Burr, 65, will not seek reelection next year and will retire. In a written statement, he said Trump made unfounded claims about a fraud-riddled election "because he did not like the results." He said Trump used the presidency to "inflame" the rioters rather than urging them to stand down. "The evidence is compelling that President Trump is guilty of inciting an insurrection against a coequal branch of government," Burr said.
Also striking was the "guilty" vote by Cassidy, who was reelected in November from a deep-red state where GOP support is widespread.
Cassidy, 63 and a physician, had initially sided with the vast majority of Senate Republicans who voted last month to block the trial from moving forward. But he blasted a shambolic performance by Trump's legal team at the start of the trial while praising Democrats for presenting a compelling case.
"Our Constitution and our country is more important than any one person. I voted to convict President Trump because he is guilty," Cassidy said in a one-sentence statement issued after his vote to convict.

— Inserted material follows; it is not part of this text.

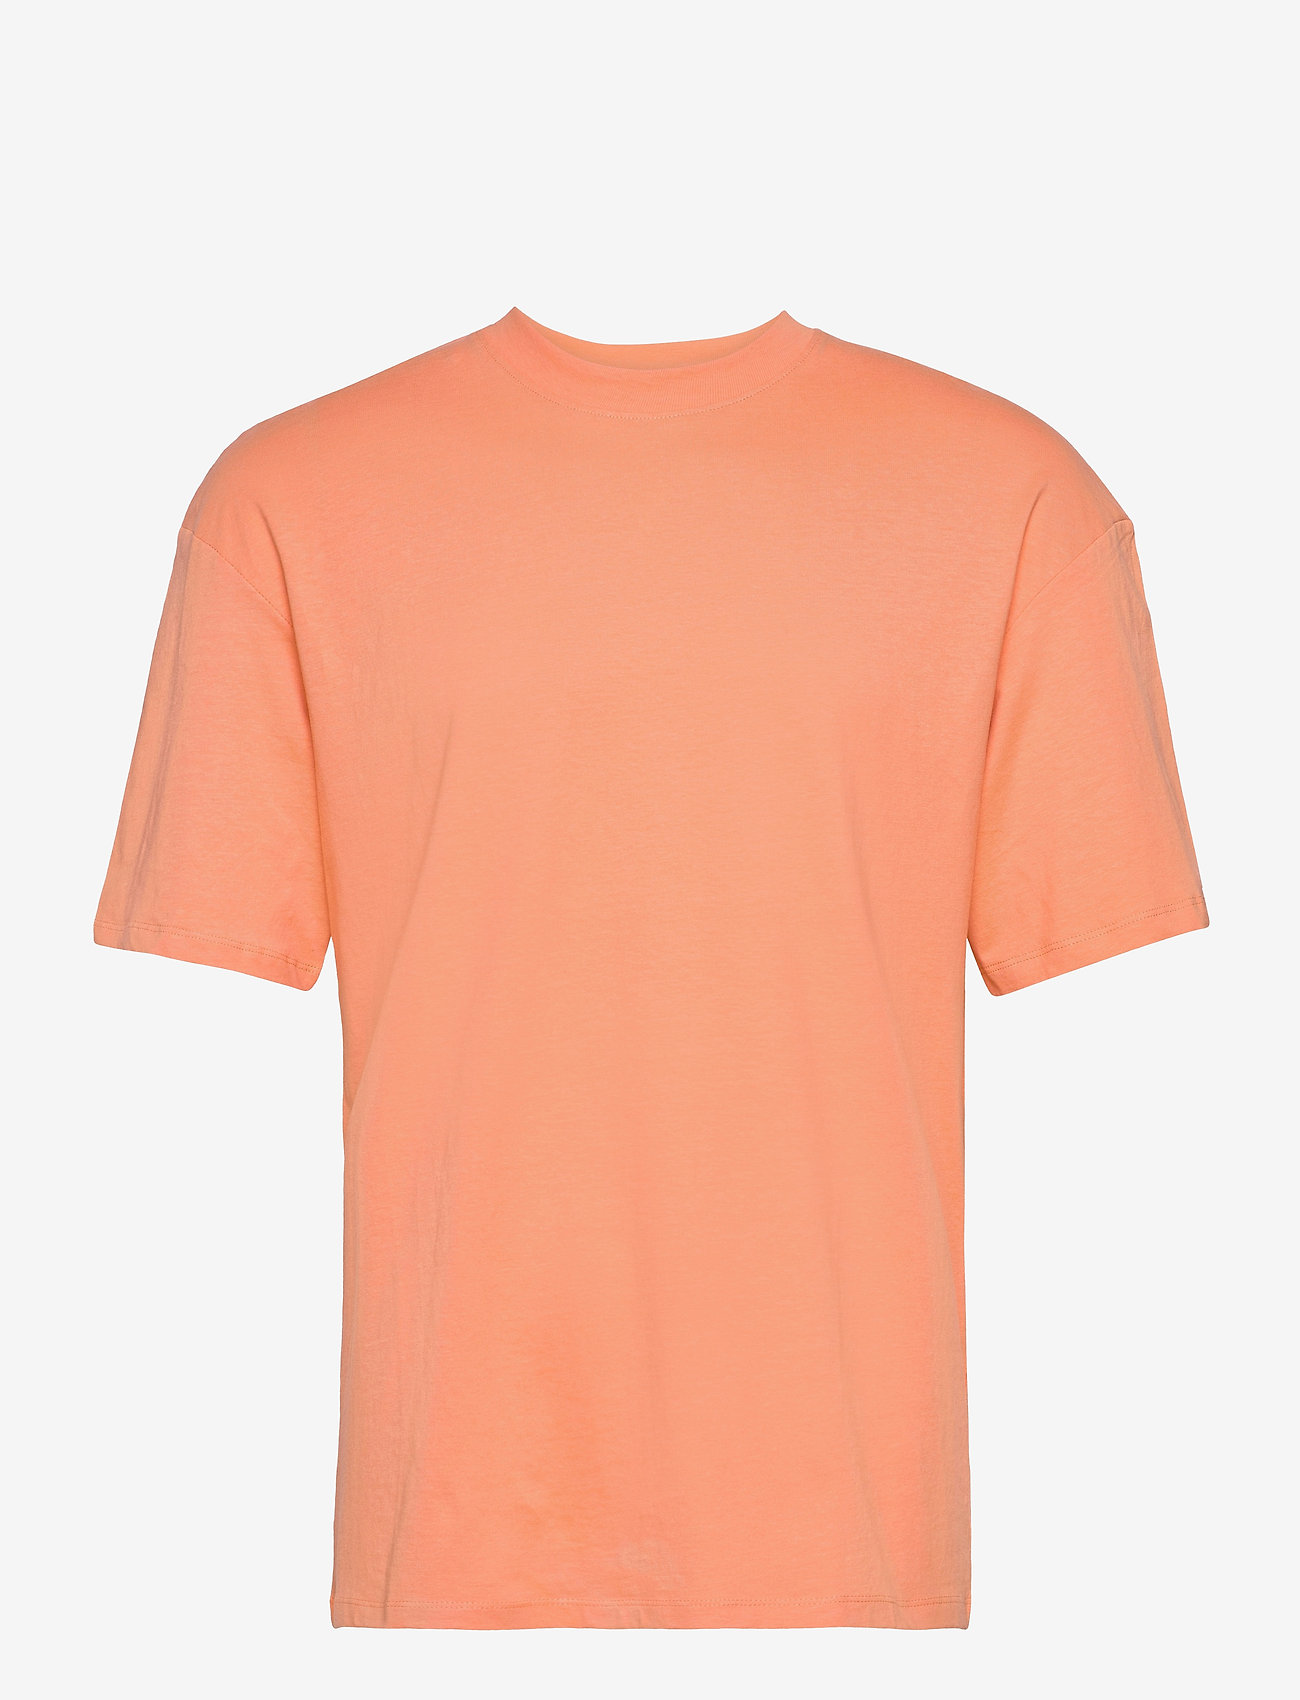 Jack & Jones - JORBRINK TEE SS CREW NECK - basic t-shirts - shell coral - 0

Toomey, a traditional conservative, decried Trump's efforts to overturn election results -- Trump's targets include Toomey's Pennsylvania -- and to encourage his supporters' march on the Capitol.
"All of this to hold on to power despite having legitimately lost," Toomey said. He said that because of Trump's actions, "for the first time in American history, the transfer of presidential power was not peaceful" and said Trump had "betrayed the confidence millions of us placed in him."
Sasse has long criticized Trump's authoritarian streak. Last week he excoriated pro-Trump Republican Party officials in his home state, telling them in a video message that "politics isn't about the weird worship of one dude."
"Tribalism is a hell of a drug, but our oath to the Constitution means we're constrained to the facts," Sasse said Saturday. He said he wouldn't vote against his own conscience "simply because it is politically convenient."
Romney's "guilty" vote at Trump's initial impeachment trial last February made him the first senator to ever vote to convict a president of the same party. The trial that ended Saturday was Trump's second -- making him the first president to ever be tried twice for impeachment -- and the fourth in presidential history.
Presidents Andrew Johnson in 1868 and Bill Clinton in 1999 were acquitted and received unanimous support from their Democratic Party.